In der Zwischenzeit hatte die Firma K-Werkstatt ihre Pläne angepasst, die Höhe auf 85 Meter reduziert und den minimalen Wohnanteil auf 50 Prozent angehoben. Der neue Gestaltungsplan wurde im Februar 2015 vom Dübendorfer Gemeinderat gutgeheissen. Nach einem erfolglosen Rekurs eines Nachbarn trat das Papier Anfang 2016 in Kraft.

Doch ein Baugesuch wurde nie eingereicht. 2017 zitierte der «Tages-Anzeiger» aus Gerichtsakten, wonach die Inhaberfirma K-Werkstatt Baumanagement AG wegen der zwei betreffenden Grundstücke betrieben wird. Gläubiger sind die Bank, von der sie sich das Geld für den Landkauf lieh, und eine weitere Firma, die der K-Werkstatt ein Darlehen gewährte.

«Wenn ich daran denke, verspüre ich schon jetzt ein leichtes Kribbeln.»

Markus Zöbeli, Leiter Betreibungsamt Dübendorf

Ein Zwangsverwertungsverfahren wurde eingeleitet, doch gemäss «Tages-Anzeiger» zögerte die Firma K-Werkstatt das Verfahren immer wieder mit juristischen Interventionen hinaus. Laut Gerichtsakten wollte die Firma die öffentliche Versteigerung verhindern, bis der Gestaltungsplan rechtskräftig ist. Der Grund: So ist das Land mehr wert.

Die Forderungen auf die beiden Grundstücke sollen sich auf rund 20 Millionen Franken belaufen. Nach der Versteigerung dürfte also noch ein grösserer Betrag übrig bleiben – selbst wenn man die gesetzlich angeordneten Verzugszinsen einrechnet.

Anzahlung: 1 Million Franken

«Es würde mich nicht überraschen, wenn die Steigerungssumme am Ende sogar noch höher wäre als der Schätzwert von 64,2 Millionen Franken», so Betreibungsamtsleiter Zöbeli. Dies zum einen wegen des anhaltenden Baubooms.
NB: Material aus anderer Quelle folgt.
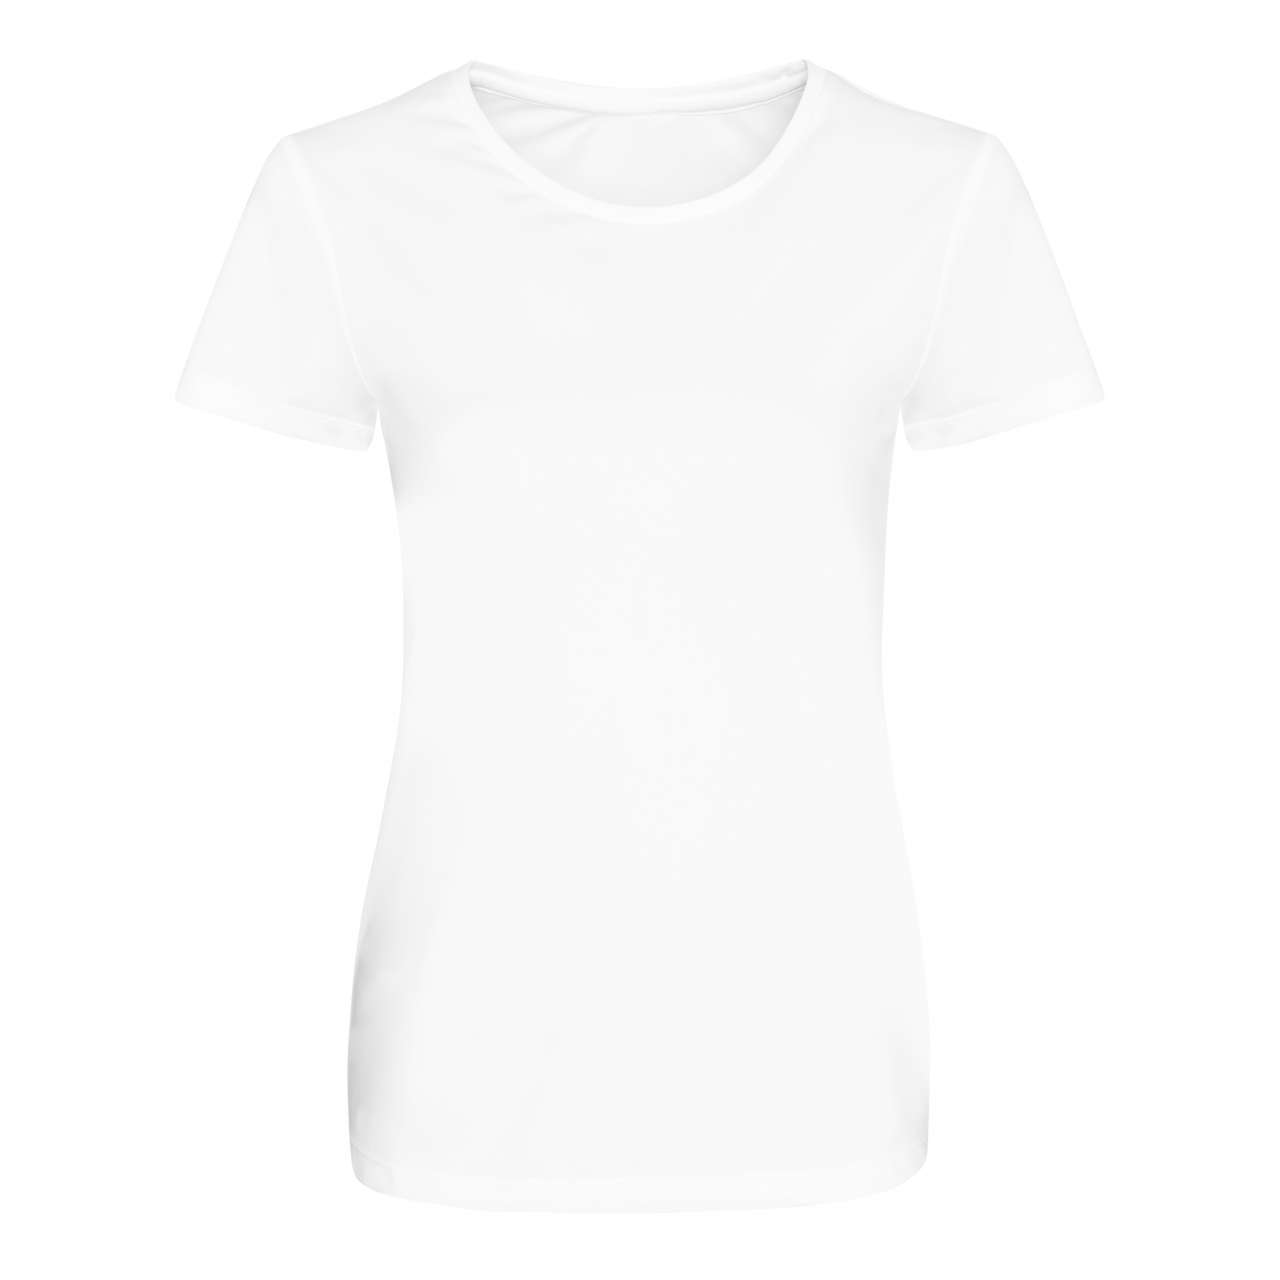 Promo  WOMEN'S COOL SMOOTH T
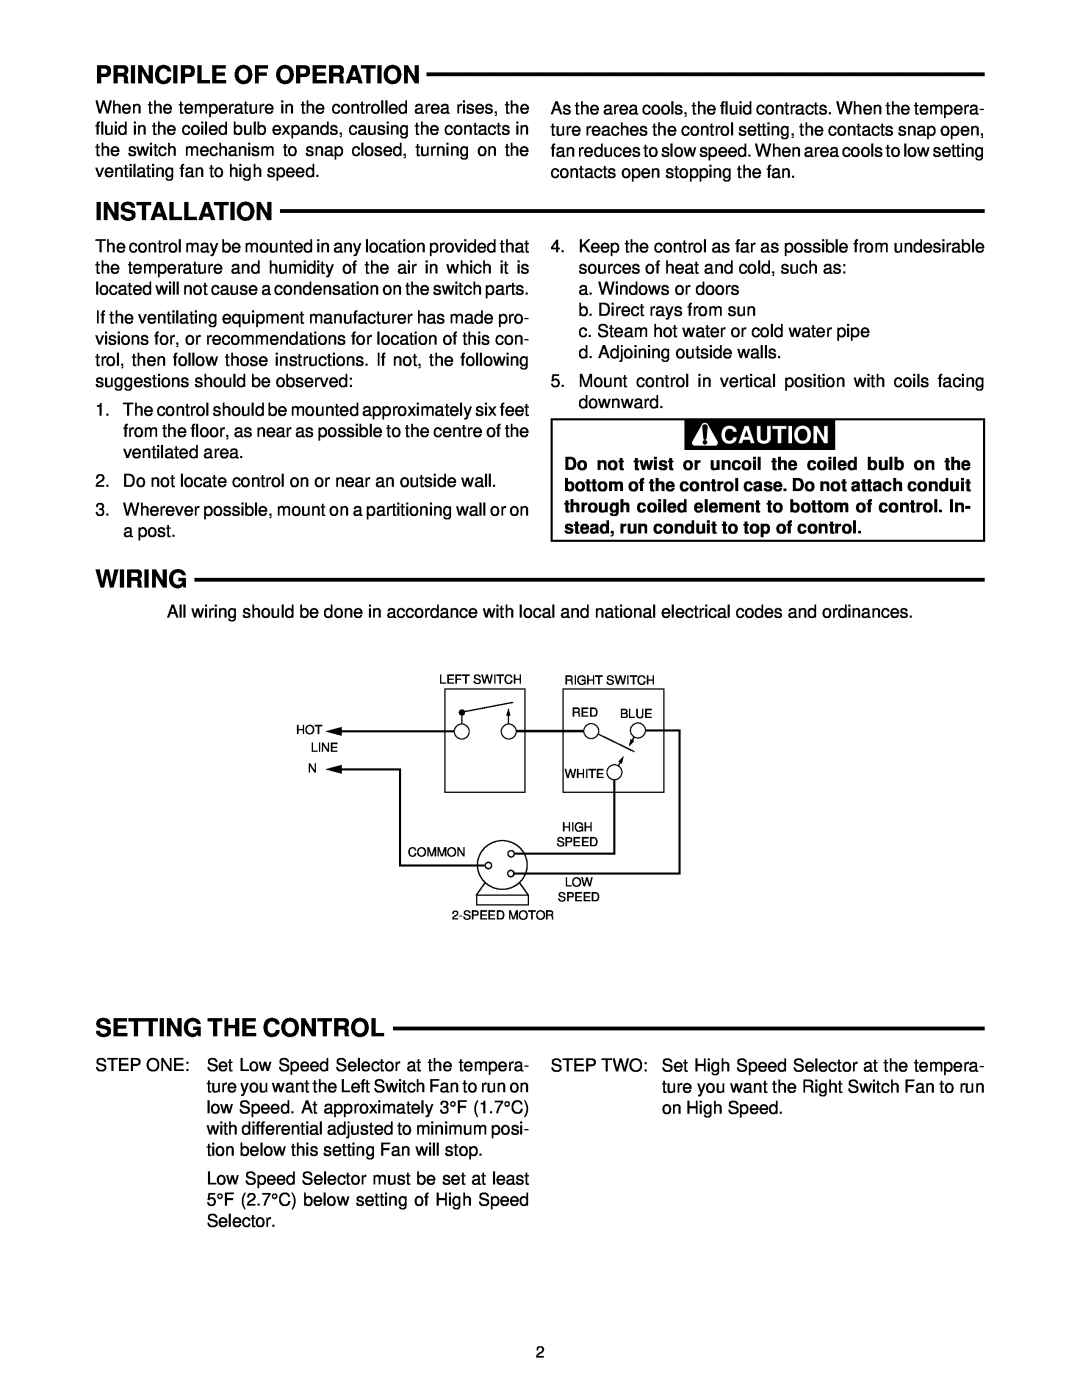 White Rodgers 259-6 installation instructions Principle Of Operation, Installation, Wiring, Setting The Control

Zum anderen aber auch, weil Liegenschaften in Zeiten von Negativzinsen bei Investoren wie Versicherungen und Pensionskassen als Anlageobjekte beliebt seien.

Die Versteigerung findet im Arvensaal des Restaurants Sonnental statt und ist öffentlich, es gibt Sitzplätze für 90 Personen. Wer mitbieten will, muss eine Anzahlung von einer Million Franken leisten oder ein so genanntes Zahlungsversprechen in derselben Höhe zugunsten des Betreibungsamts Dübendorf geben.

Zöbeli wird selber als Steigerungsleiter walten. Wegen der hohen Summe schaue er der Versteigerung mit grosser Spannung entgegen, sagt er. «Wenn ich daran denke, verspüre ich schon jetzt ein leichtes Kribbeln.»